Честь имею. Том 2
– Благодарю, – отвечал я, – но с этим романом уже знаком, прочтя его с неслыханным удовольствием…
После 22 июня 1941 года допросы прекратились. Шлык пожелал видеть меня лишь в конце месяца, и я с трудом узнал его – так он переменился, посерев лицом, и без того серым от беспощадного курения папирос «Казбек». Мне эту паскуду было не жалко, хотя я не мог угадать причины его подавленного, угнетенного состояния. Черт меня дернул сказать:
– Вам не кажется, гражданин Шлык, что скоро мы можем поменяться местами?

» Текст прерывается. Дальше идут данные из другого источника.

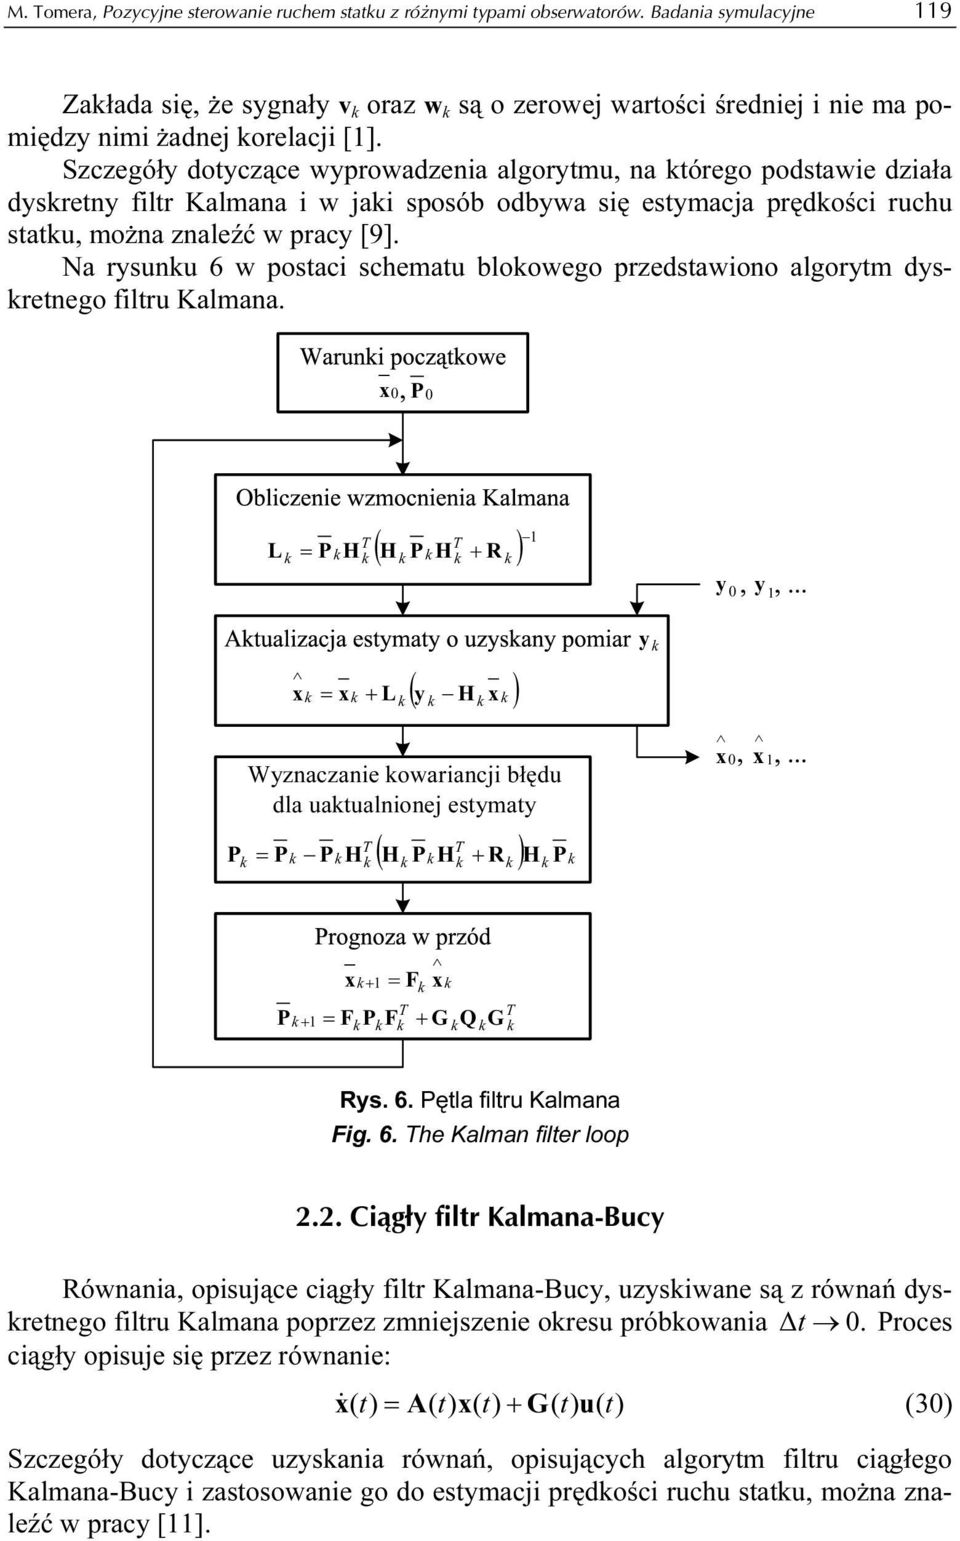 Szczegóły dotyczące wyprowadzenia algorytmu, na tórego podstawie działa dysretny filtr Kalmana i w jai sposób odbywa się estymacja prędości ruchu statu, można znaleźć w pracy [9].

– Почему? – удивился он, даже растерянный.
– Потому что вы уже неспособны к работе, и вам, кажется, будет полезно общение с врачом в кабинете невропатологии.
Шлык запустил в меня тяжелым пресс-папье.
– Ну, ты… гнида старая! – заорал он, хотя прежней уверенности в его голосе я не заметил…
Этого следователя я больше никогда не видел, а при встрече с ним на том свете плюнул ему в похабную морду. Допросы прекратились, но кормить стали лучше. Я получил целый коробок спичек, не изнуряя себя расщеплением каждой на четыре доли. Однажды вечером меня в камере навестил молодой полковник НКВД, благоухающий одеколоном «Красная Москва», за ним надзиратель внес в камеру чернила с пером и большую стопку бумаги.
– Нет, допроса не будет, – утешил меня полковник. – У меня к вам разговор иного рода. Представьте себе, что на нашу страну вдруг напало некое государство Европы… Что бы вы, старый опытный генштабист, предложили сделать для борьбы с ним? Изложите свои размышления на бумаге.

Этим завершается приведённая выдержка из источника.